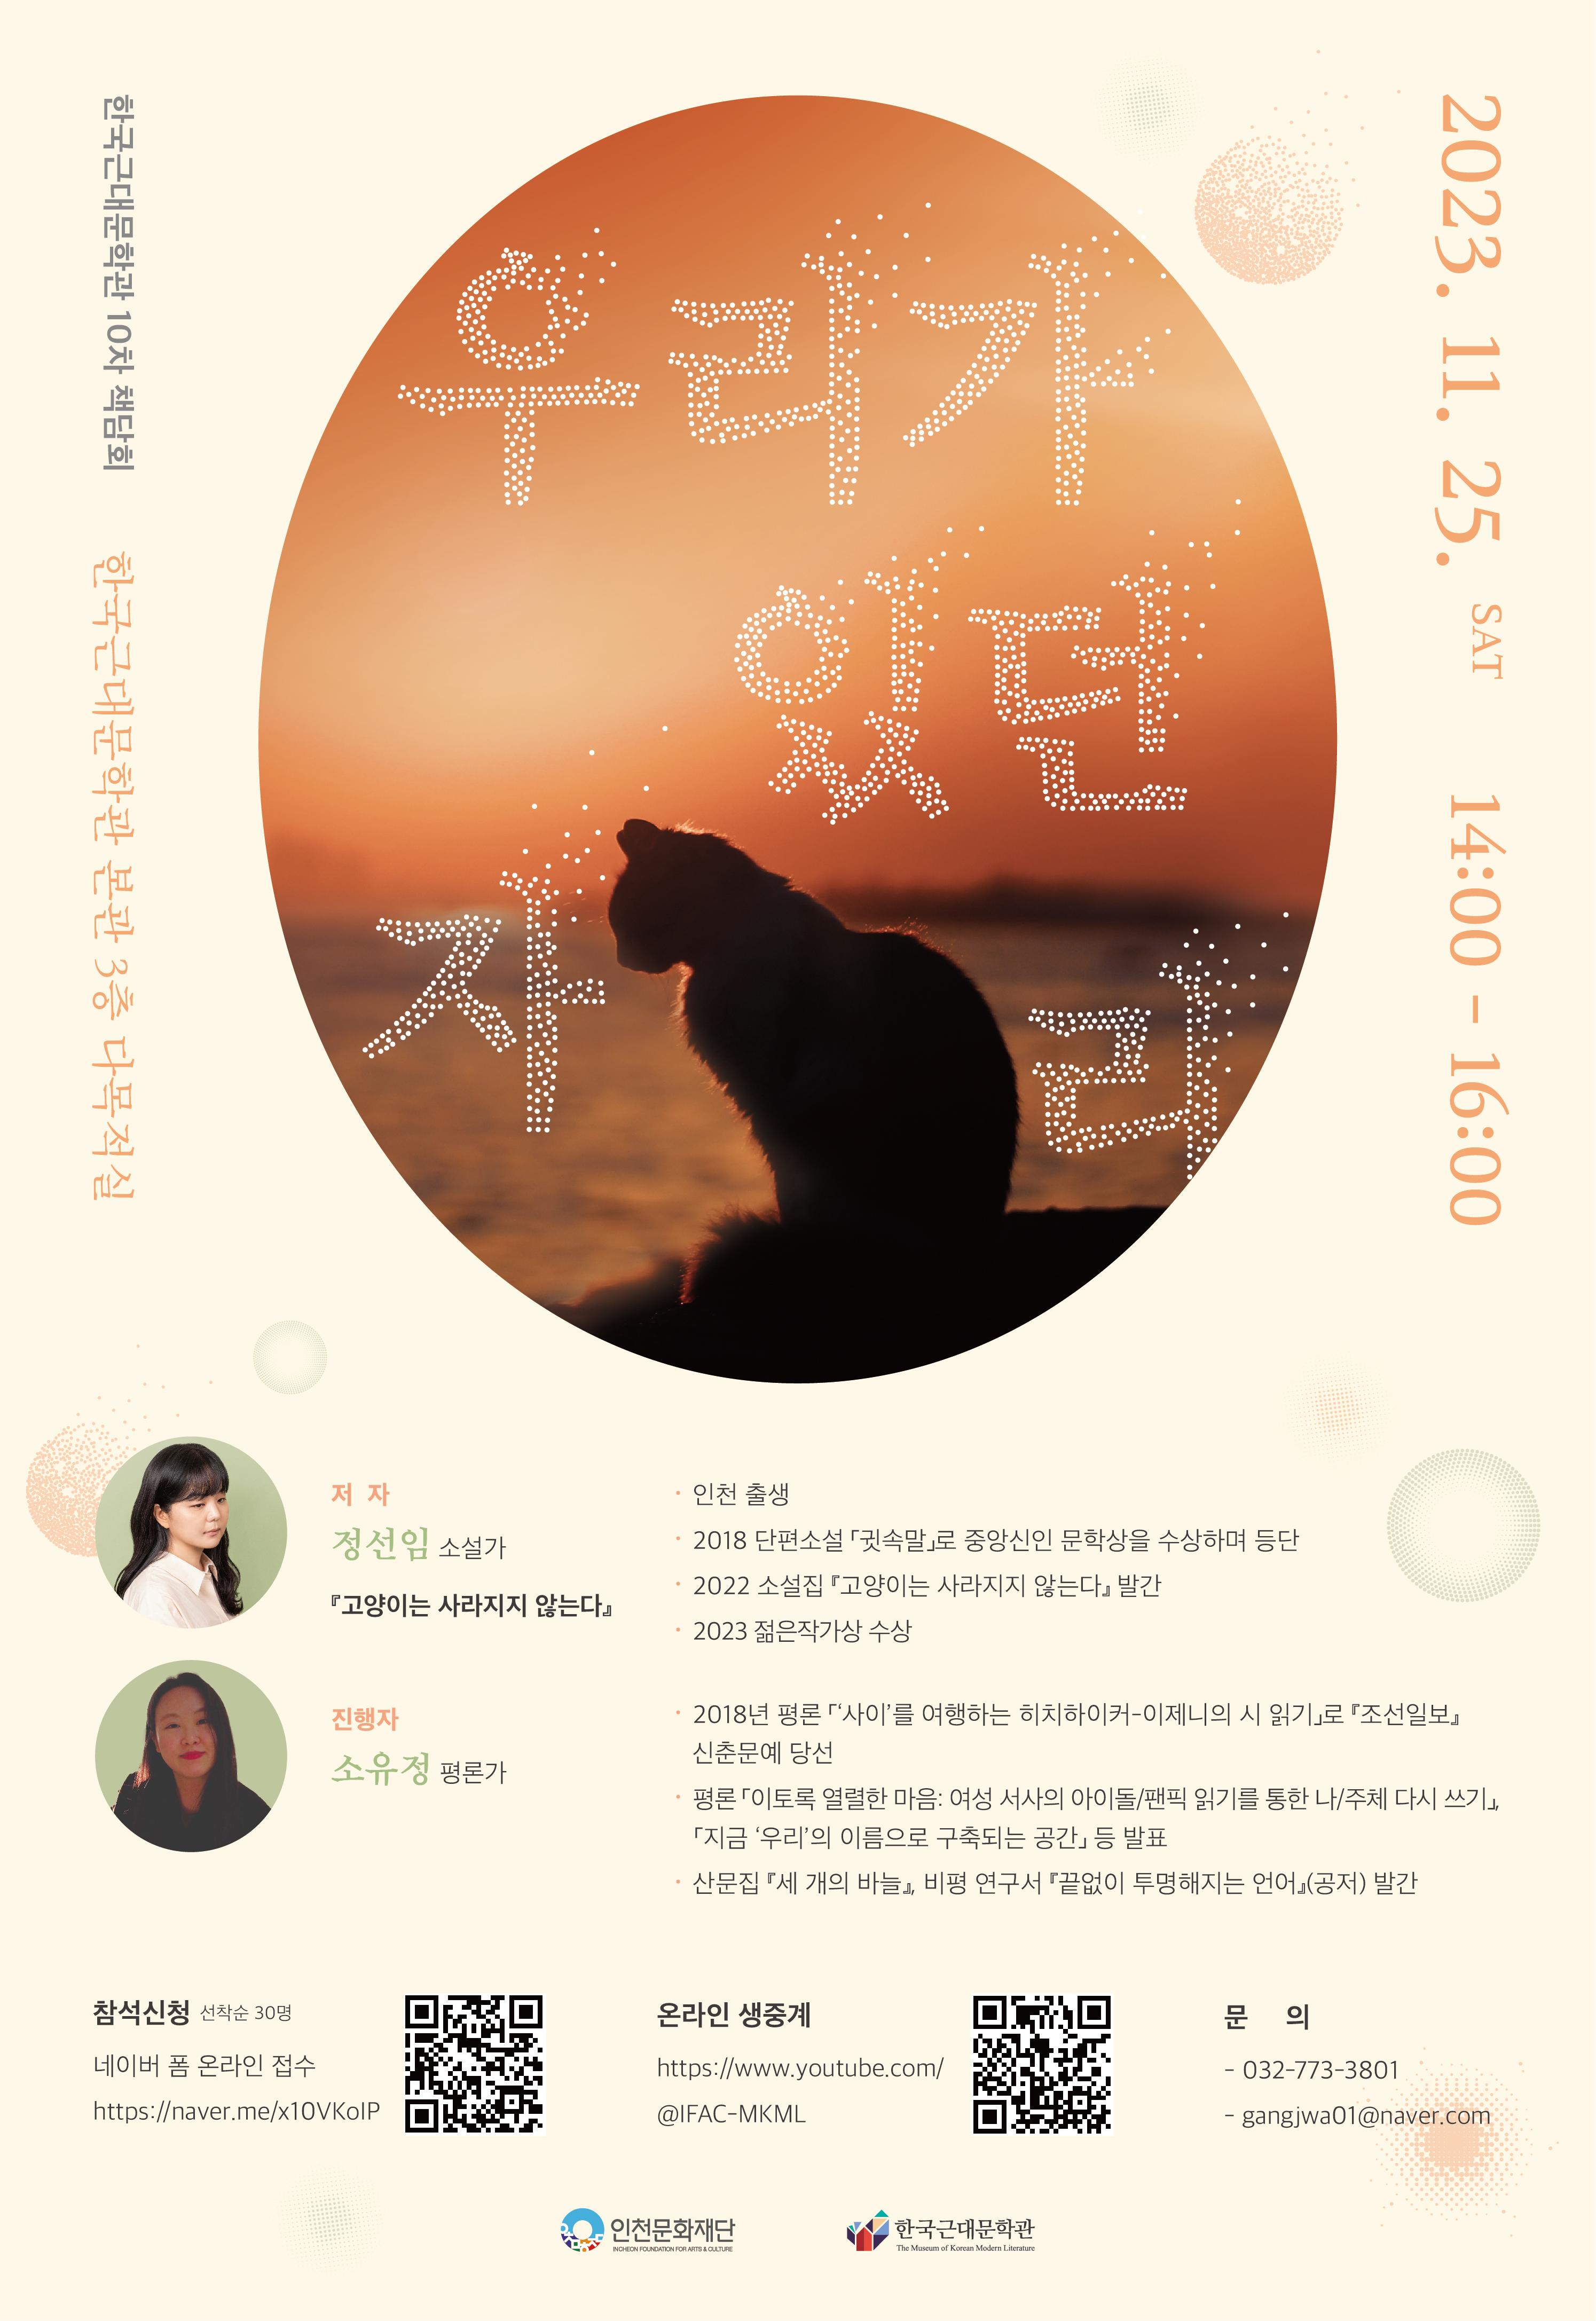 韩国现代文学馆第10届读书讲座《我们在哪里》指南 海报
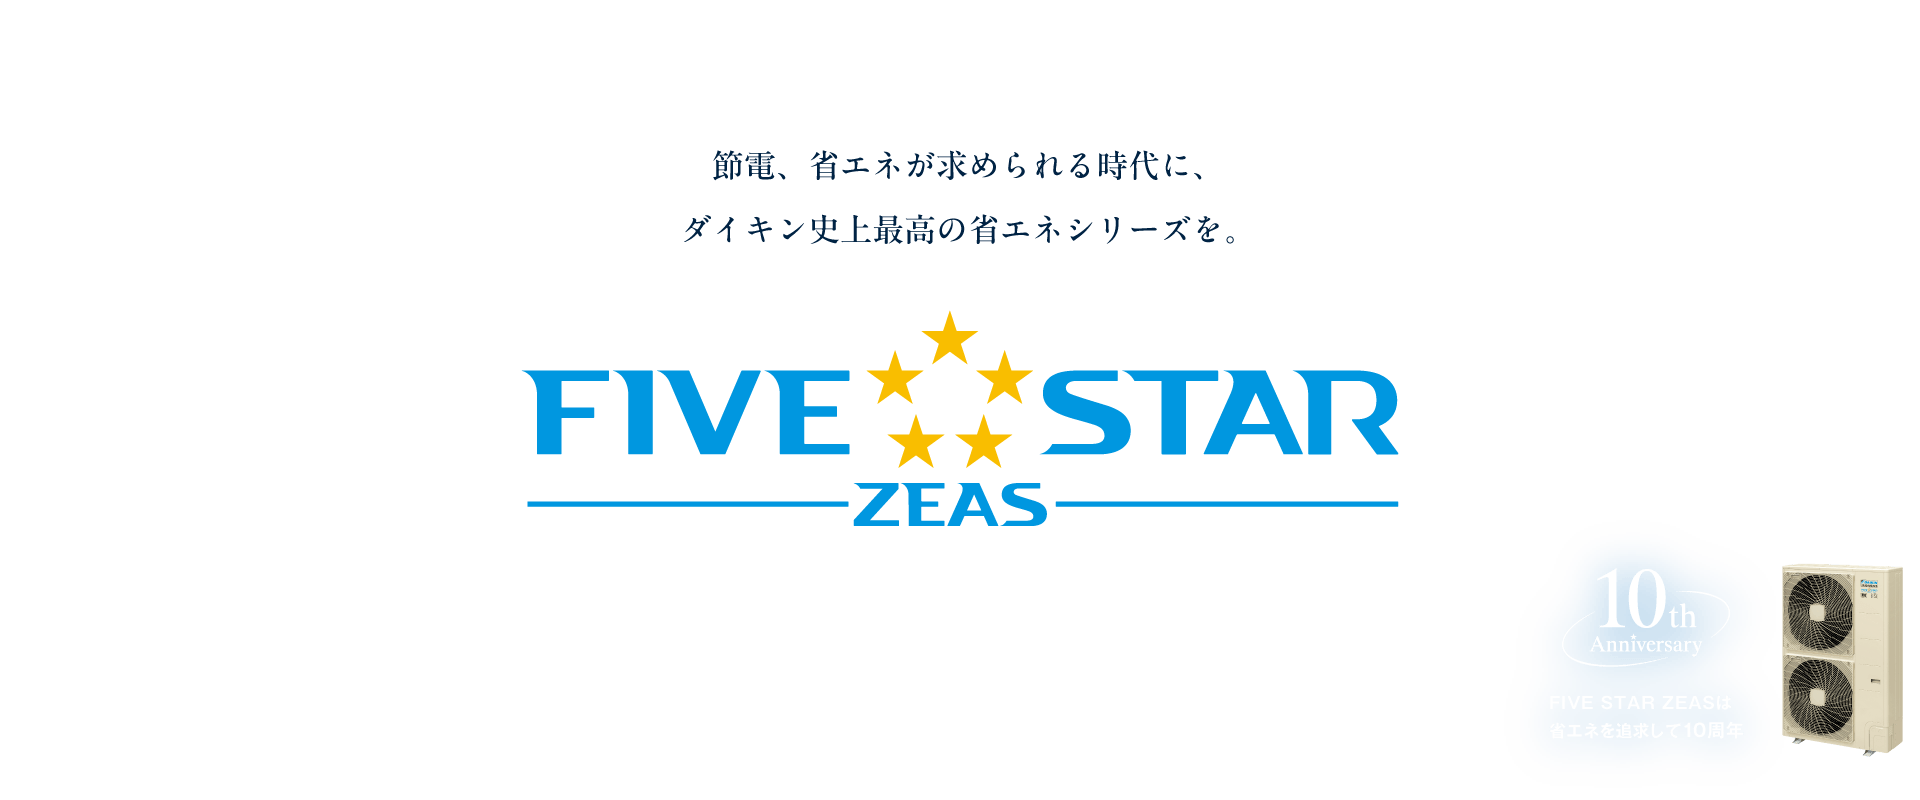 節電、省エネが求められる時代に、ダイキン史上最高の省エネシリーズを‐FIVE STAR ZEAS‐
==
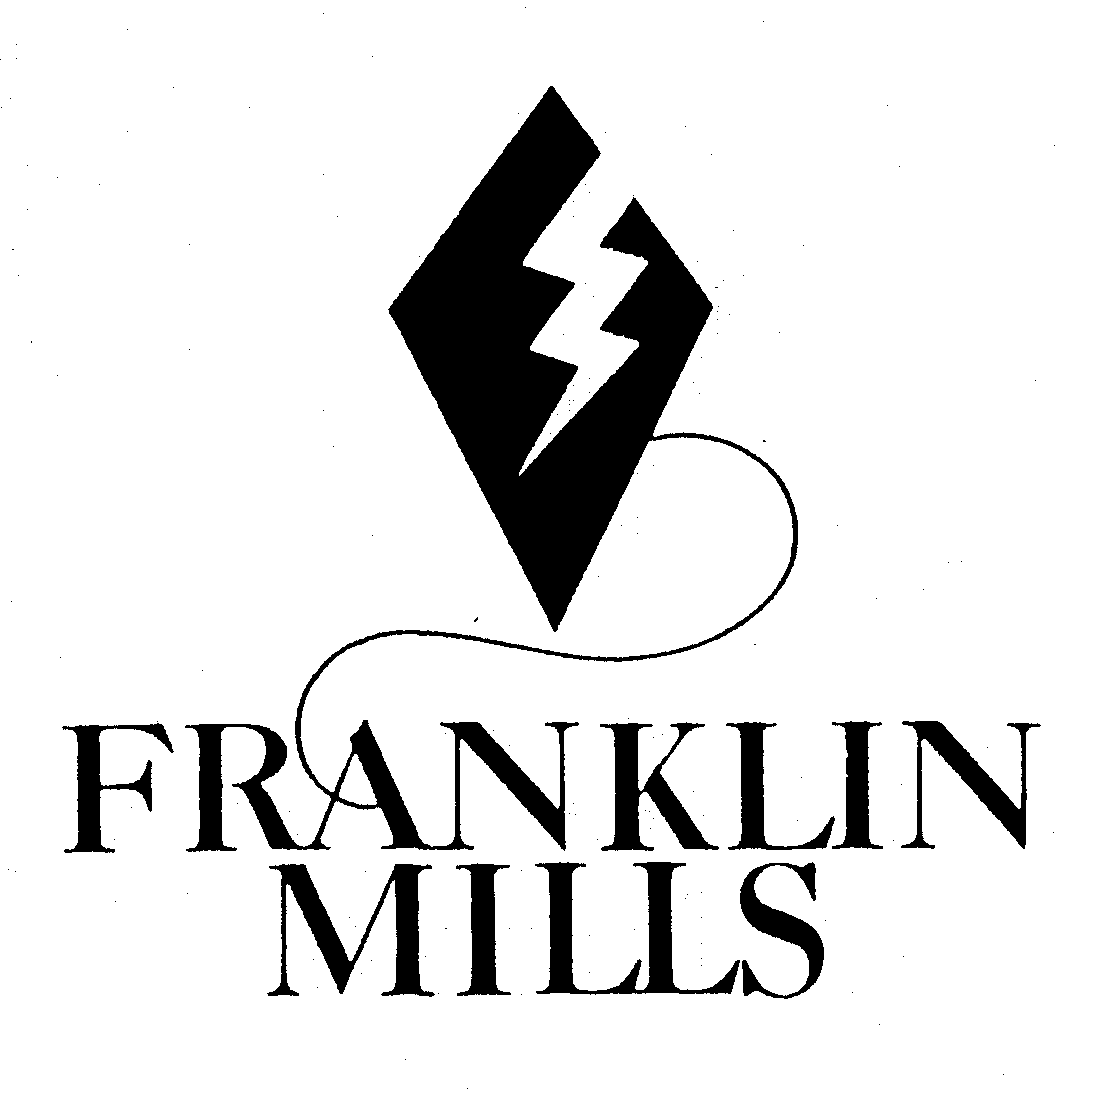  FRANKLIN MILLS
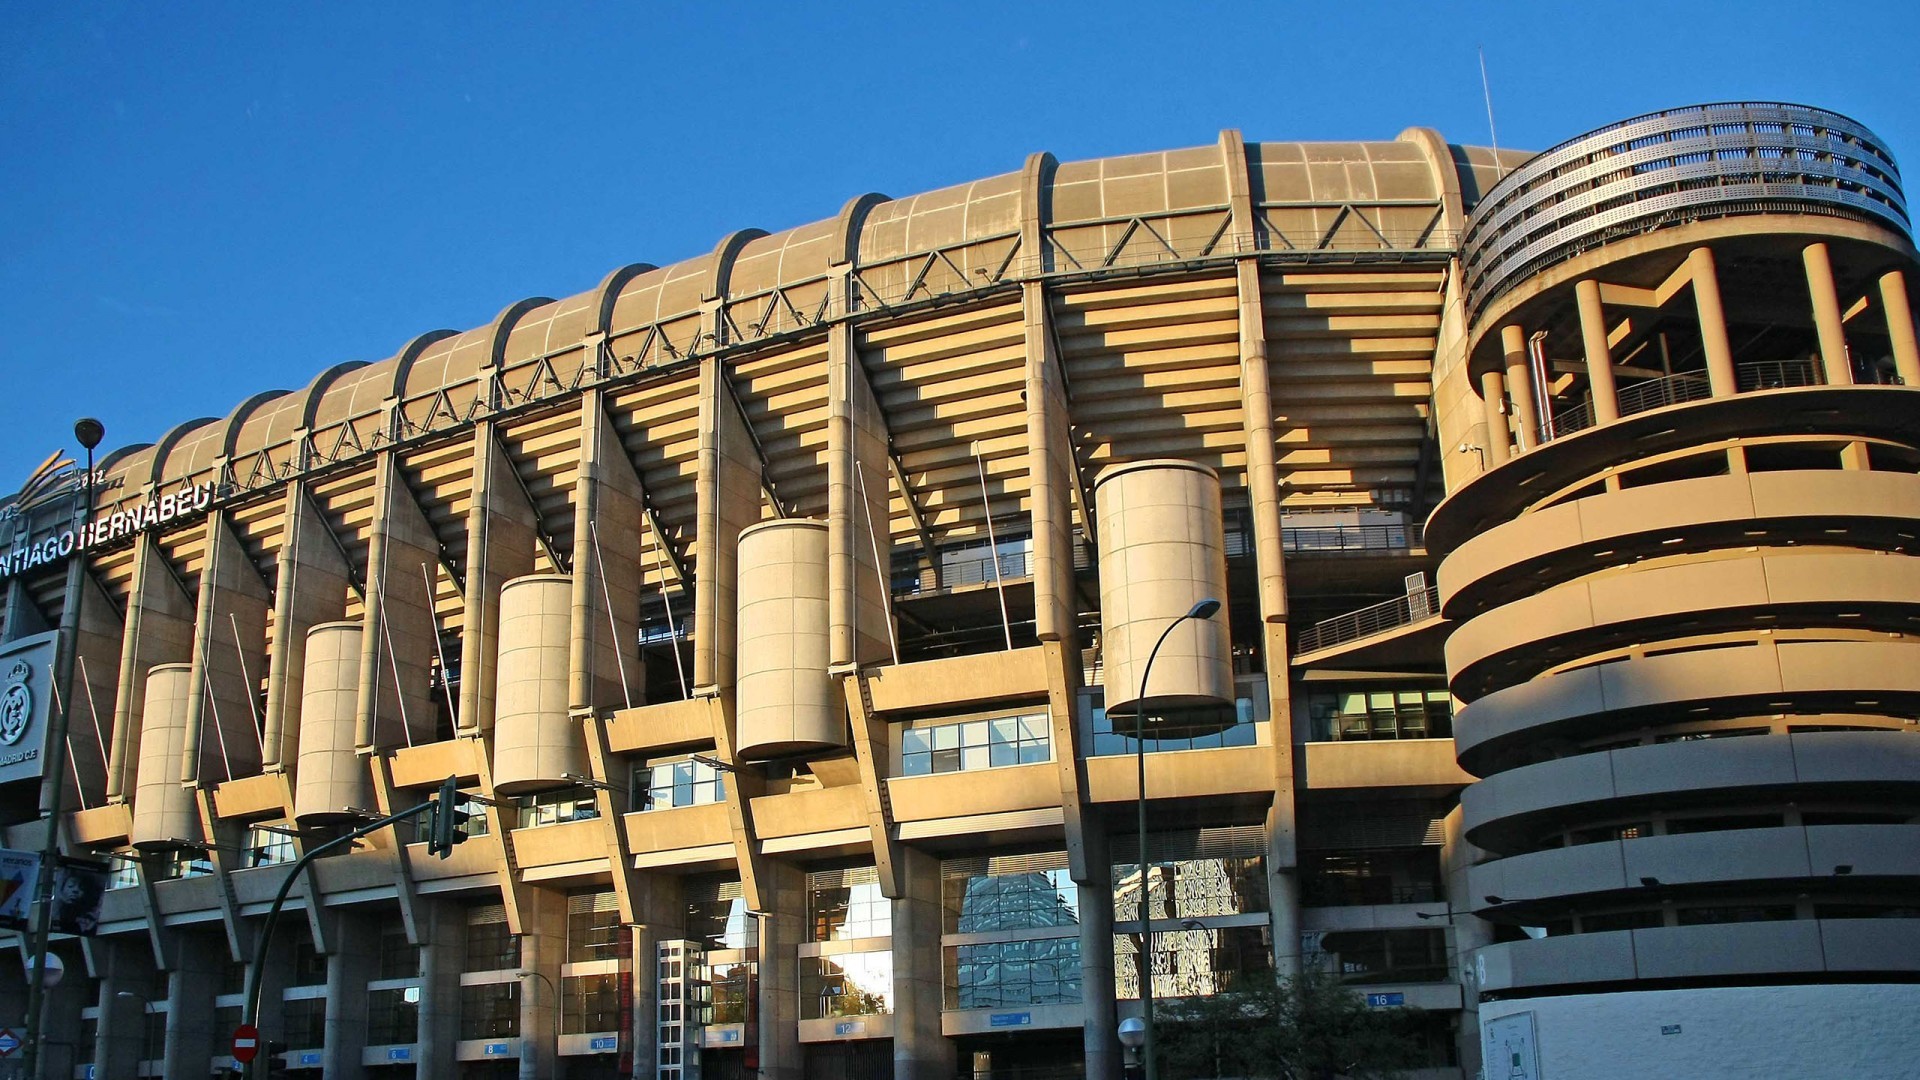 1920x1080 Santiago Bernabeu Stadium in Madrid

§ **TASK REQUIREMENTS**:
Output only the stretch above from the line with "韩国现代文学馆第10届读书讲座《我们在哪里》指南 海报" through the line with "節電、省エネが求められる時代に、ダイキン史上最高の省エネシリーズを‐FIVE STAR ZEAS‐", reproduced exactly. Exclude pictures.

§ **EXPECTED OUTPUT**:
 韩国现代文学馆第10届读书讲座《我们在哪里》指南 海报
 節電、省エネが求められる時代に、ダイキン史上最高の省エネシリーズを‐FIVE STAR ZEAS‐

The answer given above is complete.